Output exactly the lines from the line that has "HP ProBook 650" through the last line of the data below, with no pictures.

» **Provided data**
▼

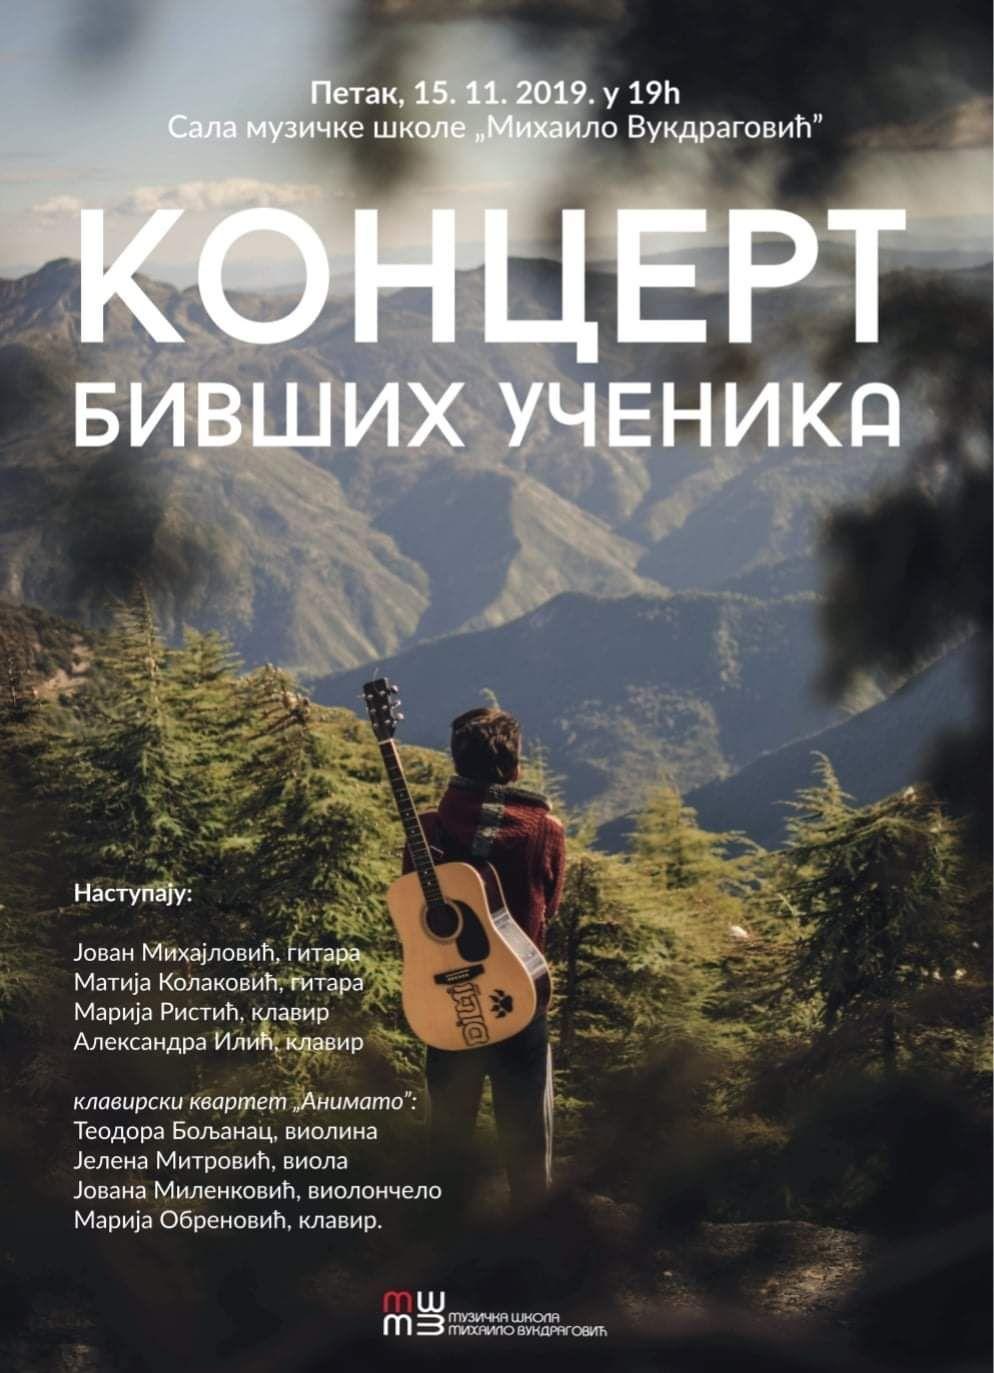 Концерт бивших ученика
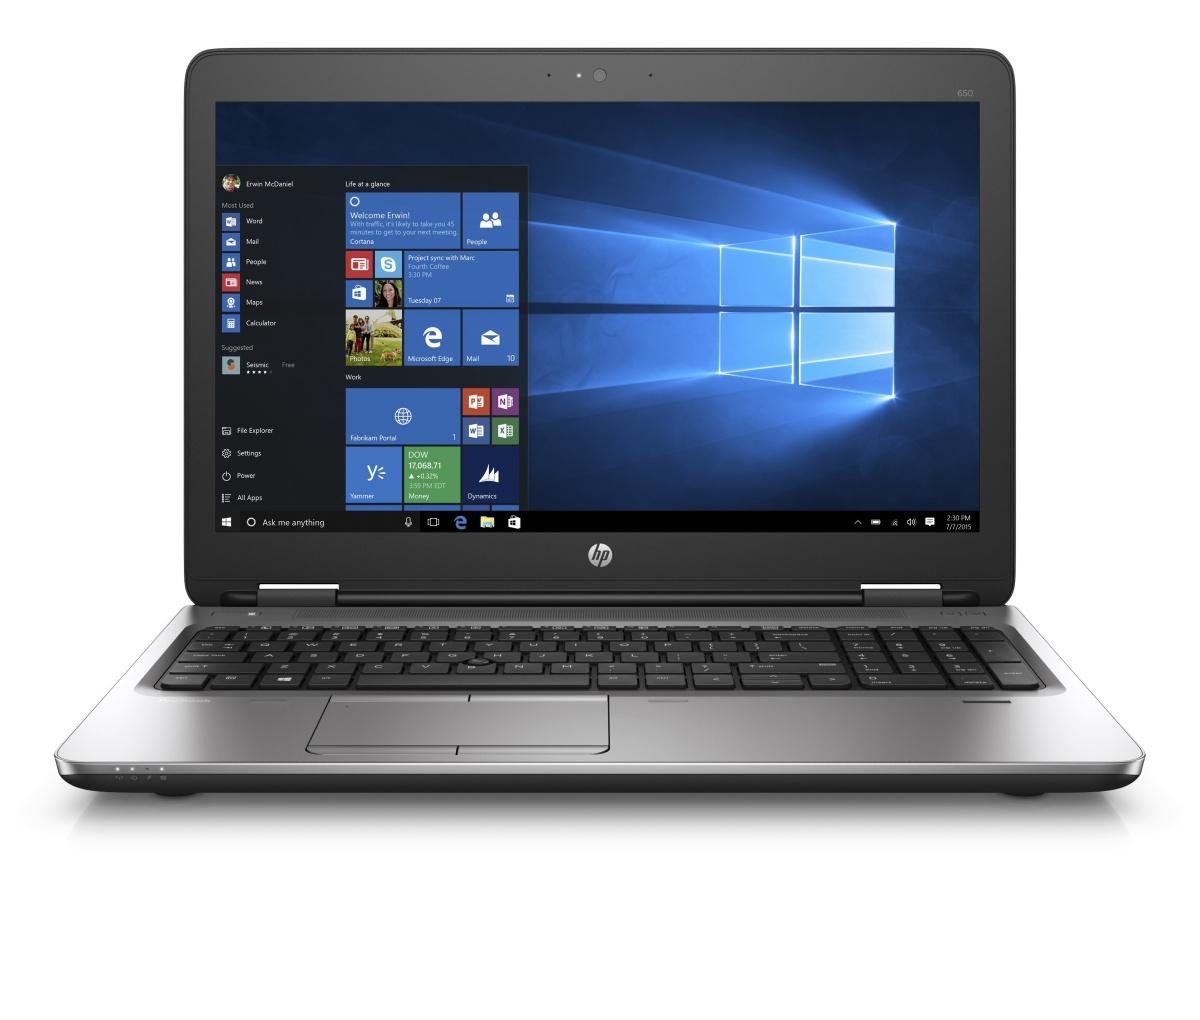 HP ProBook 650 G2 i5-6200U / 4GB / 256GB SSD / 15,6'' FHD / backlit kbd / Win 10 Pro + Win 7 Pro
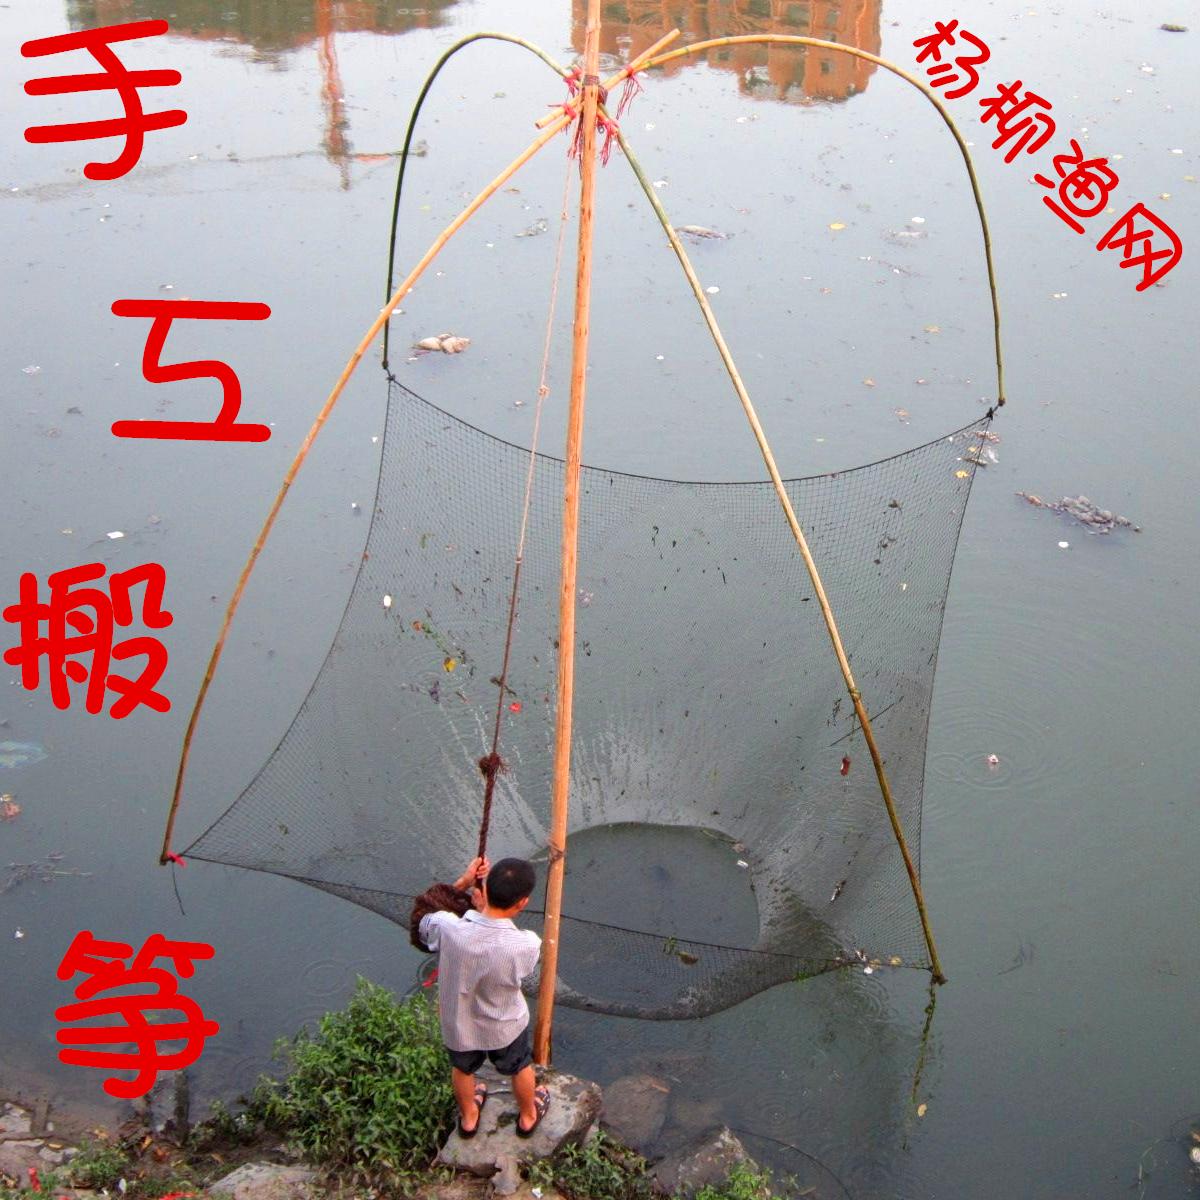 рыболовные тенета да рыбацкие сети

▲

» **Solution for this task**
 HP ProBook 650 G2 i5-6200U / 4GB / 256GB SSD / 15,6'' FHD / backlit kbd / Win 10 Pro + Win 7 Pro
 рыболовные тенета да рыбацкие сети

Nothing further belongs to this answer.